It doesn't make sense to apply this in the case of a two-atom molecule, because the inductive effect is used to measure how one bond effects the electron density of other bonds in the molecule. You can assign any bond a dipole moment, but inductive effects are used specifically to explain phenomena observed in organic chemistry, where chains of molecules are (exceedingly) common.
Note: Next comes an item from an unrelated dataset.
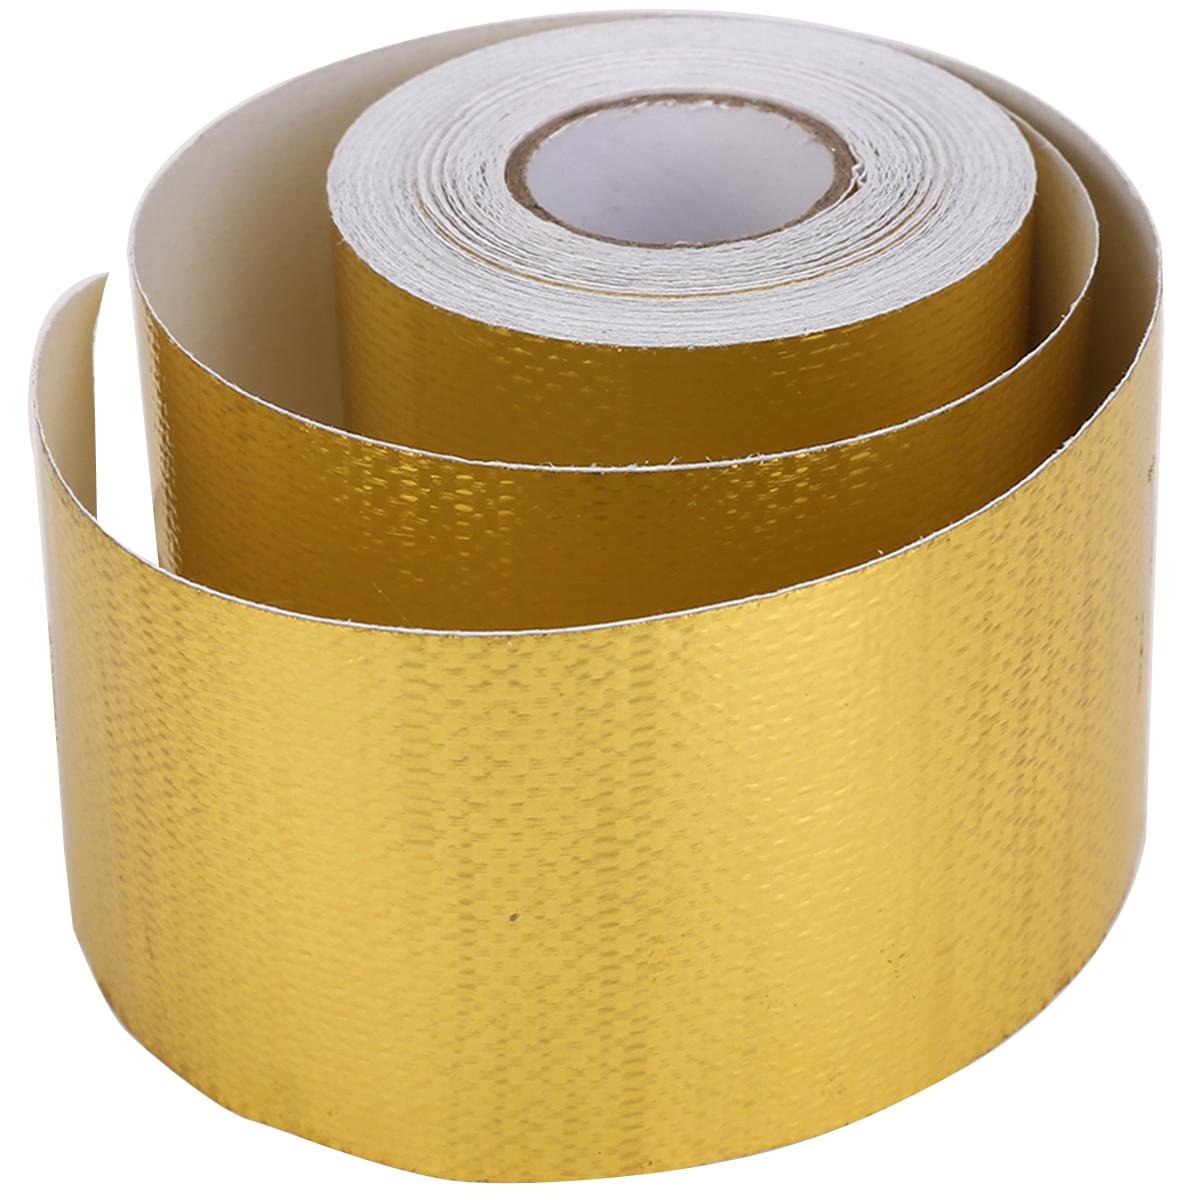 1 Roll 5CM*9M Self-Adhesive Heat Reflective Tape Car Truck Motorcycle Fiberglass Heat Shields Reflect Adhesive Wrap Barrier Roll

To answer your other question: yes, inductive effects are always measured relative to hydrogen. Linear free-energy relationships are a quantifiable way of measuring a reaction's sensitivity with respect to a certain parameter. The Hammett equation is used to study how sensitive a molecule is in a given reaction to a change in its subsituent's inductive and resonance effects, for which the reference subsituent in all cases is a hydrogen atom. This is perhaps because the $\ce{C-H}$ is the most common bond in all of organic chemistry.

Linear free-energy relationships are particularly useful because similar as to what you said, substituent groups will always have the same relative inductive effects no matter the molecule. A quaternary ammonium group will always have a larger $-I$ effect (and larger $\sigma$ value) than a nitro group than a trifluoromethyl group. A molecule's response to these changes can give great mechanistic insight into organic reactions and the pathways through which they proceed.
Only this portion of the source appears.